How the Browser Stores State

Chapter 1
How the Browser Stores State
Cookies, localStorage, sessionStorage, and IndexedDB — what each one is actually for, compared side by side

HTTP itself has no memory — every request to a server is, by design, completely independent of the last. Everything that makes a website feel "stateful" (staying logged in, remembering a shopping cart, keeping a dark-mode preference) depends on the browser storing something locally between requests. There are four main ways it does this, and this chapter is about understanding which tool fits which job — a distinction that gets directly relevant in later chapters covering cookie attributes, tracking prevention, and the real browser warning that prompted this course.

The Four Storage Mechanisms

🍪 Cookies
The oldest mechanism — small pieces of text, automatically sent back to the server with every matching HTTP request. The only storage type the server can both set and read directly.
📦 localStorage
A simple key-value store, accessible only via JavaScript, that persists indefinitely until explicitly cleared. Never sent to the server automatically.
📋 sessionStorage
Identical API to localStorage, but scoped to a single tab — cleared the moment that tab or window closes. Useful for state that genuinely shouldn't outlive the current visit.
🗄️ IndexedDB
A genuine client-side database — structured, queryable, capable of storing much larger and more complex data than the other three. Overkill for a simple preference flag, essential for offline-capable apps.

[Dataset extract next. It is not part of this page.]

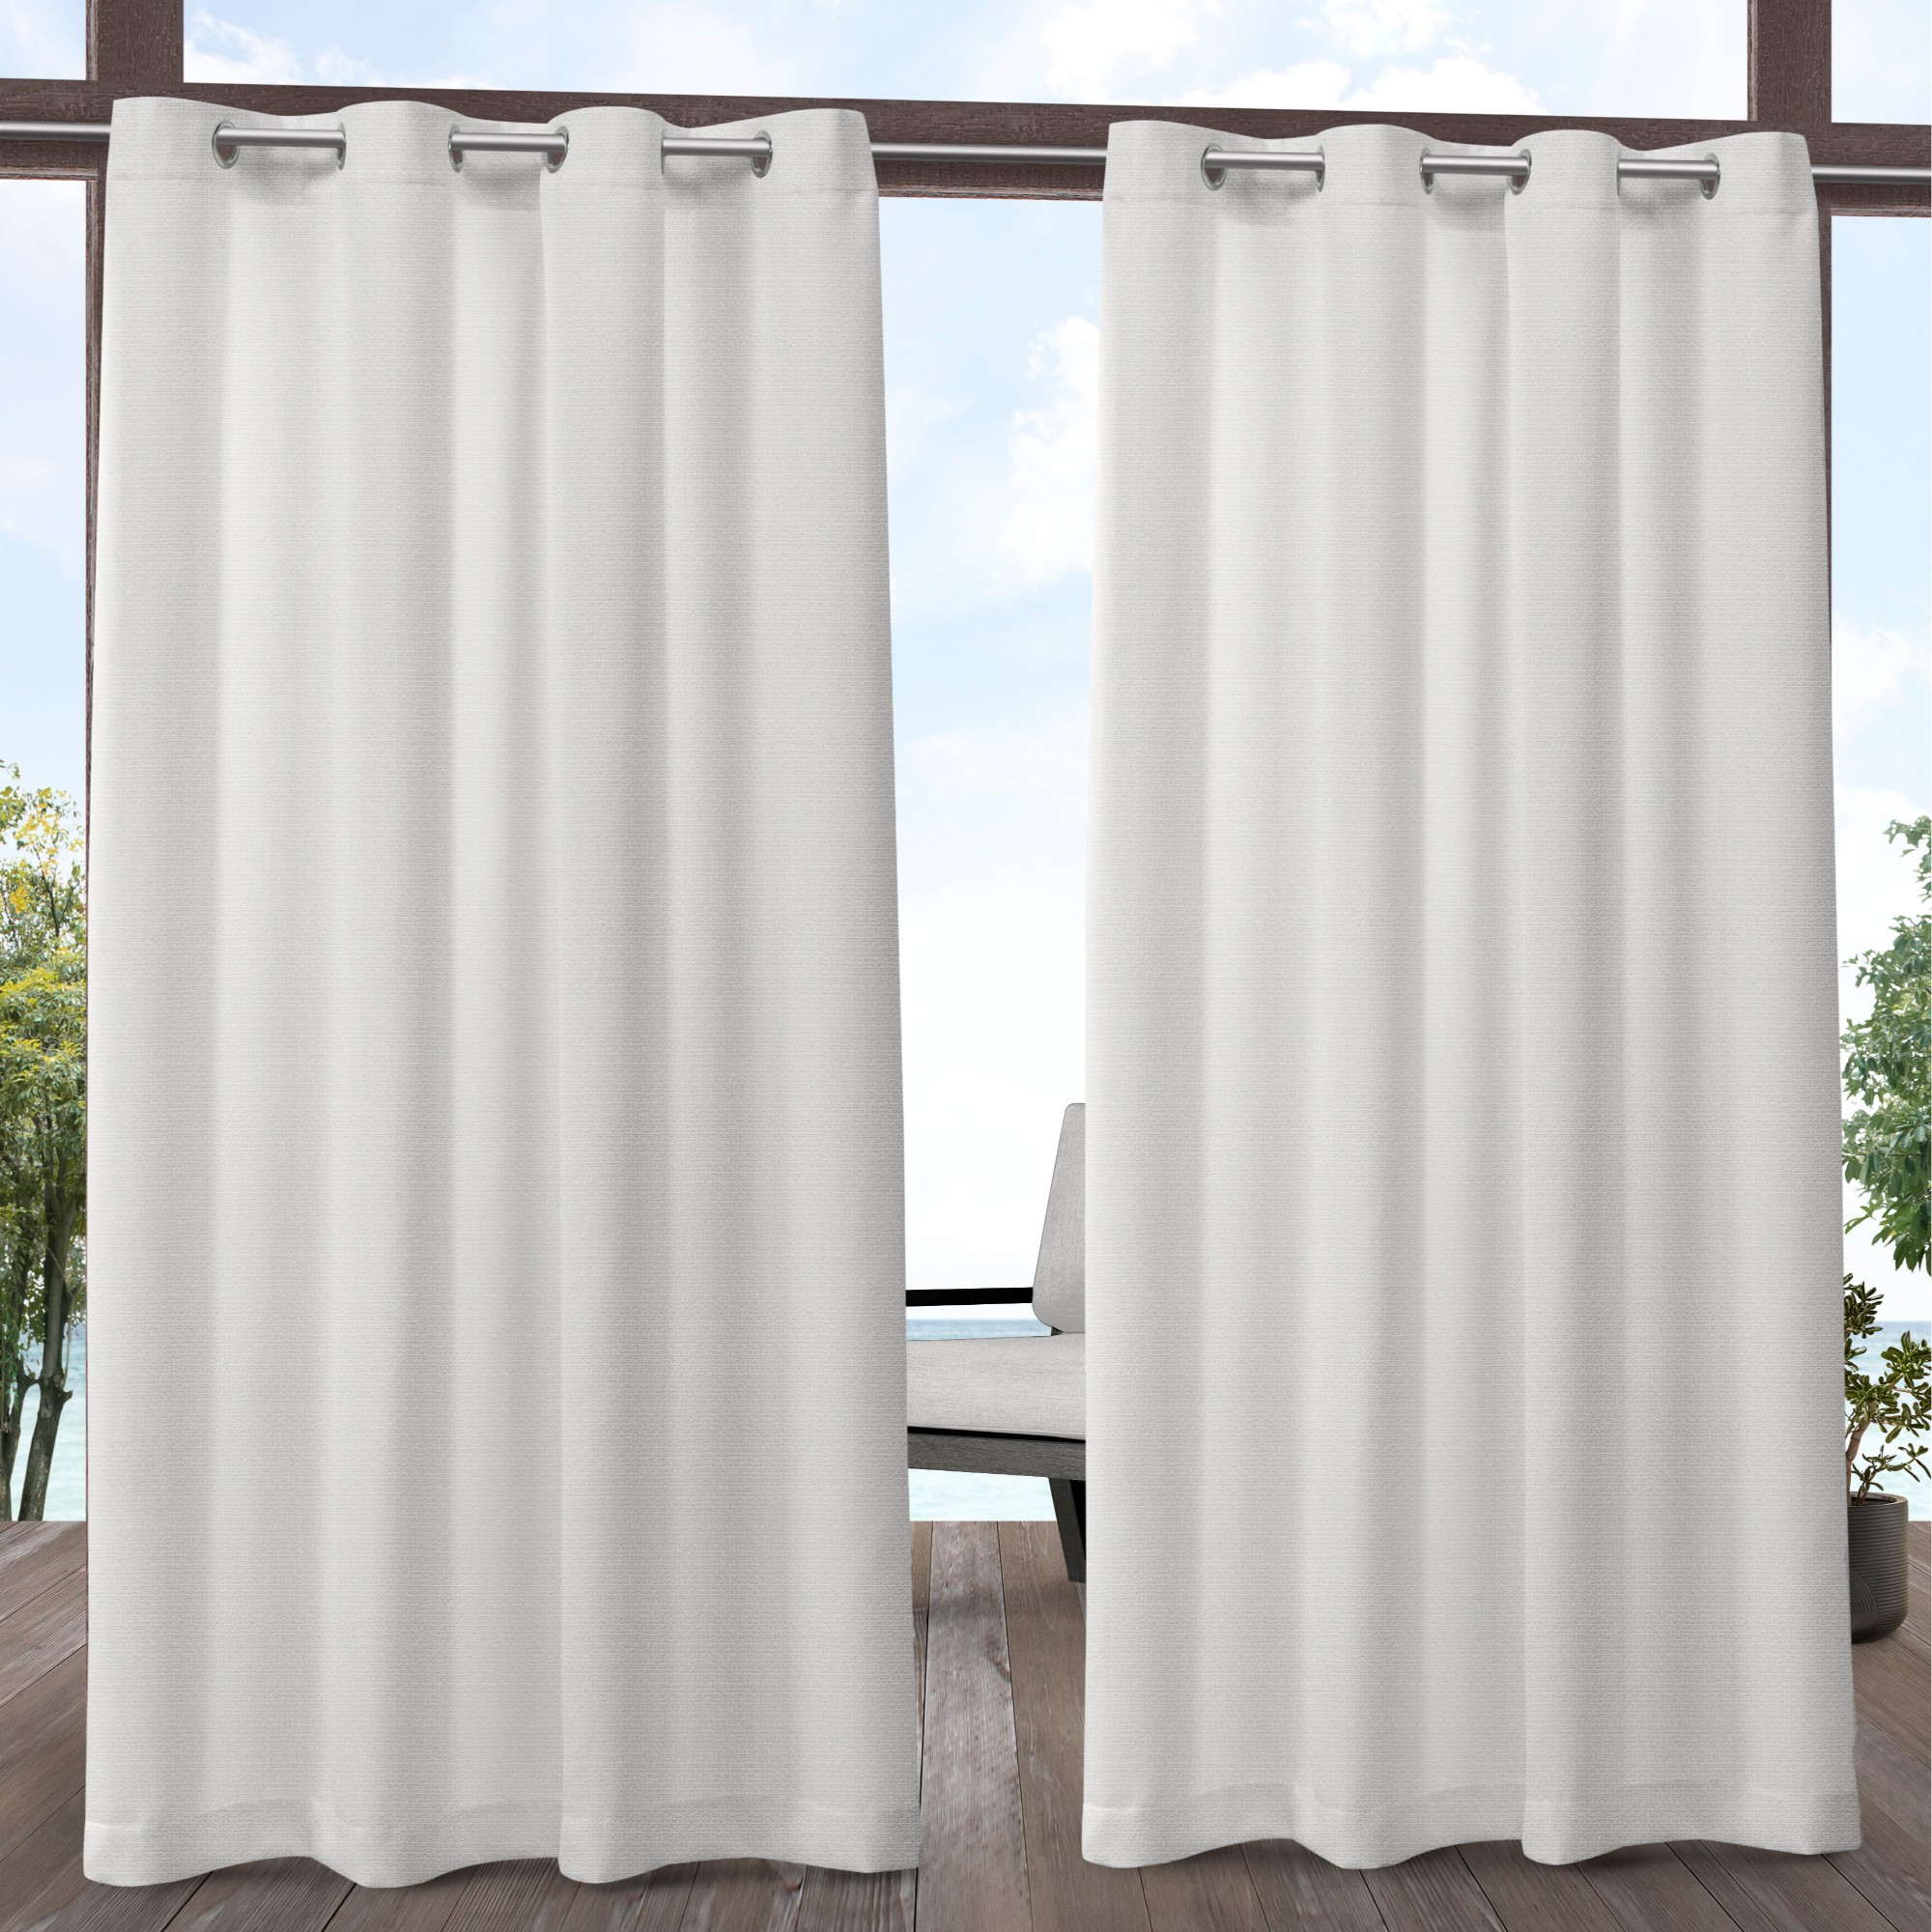 Exclusive Home Aztec Indoor/Outdoor Grommet Top Curtain Panel Pair, 54"x84", White - image 1 of 6

Seeing Each One in Practice

Cookies — set via JavaScript or an HTTP response header

// JavaScript
document.cookie = "theme=dark; path=/; max-age=2592000";

// Or set by the server in an HTTP response header (more common in practice):
Set-Cookie: theme=dark; Path=/; Max-Age=2592000

localStorage and sessionStorage — JavaScript only

localStorage.setItem('theme', 'dark');
localStorage.getItem('theme'); // "dark"

sessionStorage.setItem('formDraft', 'unsaved comment text...');
// Gone the moment this tab closes

IndexedDB — a real, asynchronous database API

const request = indexedDB.open('MyAppDB', 1);
request.onsuccess = (event) => {
  const db = event.target.result;
  // transactions, object stores, indexes — a real database, in the browser
};
IndexedDB gets its own deeper coverage later
This chapter introduces IndexedDB just enough to place it correctly in the comparison below — full usage patterns (object stores, transactions, indexes) are out of scope for this introductory chapter and better suited to a dedicated frontend/PWA-focused course if Philip wants one later.

Side-by-Side Comparison

PropertyCookieslocalStoragesessionStorageIndexedDB
Sent to server automatically? Yes, every request No No No
Accessible via JavaScript? Yes, unless HttpOnly Yes Yes Yes
Typical size limit ~4KB per cookie ~5–10MB ~5–10MB Hundreds of MB+ (browser-dependent)
Persists after tab closes? Until expiry, if set Yes, indefinitely No Yes, indefinitely
Data structure Simple strings Key-value strings Key-value strings Structured objects, indexed
API style document.cookie / headers Synchronous Synchronous Asynchronous

Choosing the Right One

NeedUse
The server needs to know this value on every request (e.g. a session ID)Cookies
A user preference that should persist across visits, purely client-side (e.g. dark mode)localStorage
Temporary state that shouldn't survive closing the tab (e.g. a multi-step form's draft)sessionStorage
A genuinely large or structured dataset the app needs offline (e.g. cached articles, an offline-capable app's data)IndexedDB
Don't default to cookies just because they're familiar
Cookies are the only mechanism the server needs for session identification — but storing things like UI preferences or form drafts in cookies wastes bandwidth, since every cookie gets sent on every single request to that domain, including requests for images and stylesheets that don't need that data at all. localStorage is almost always the better choice for anything purely client-side.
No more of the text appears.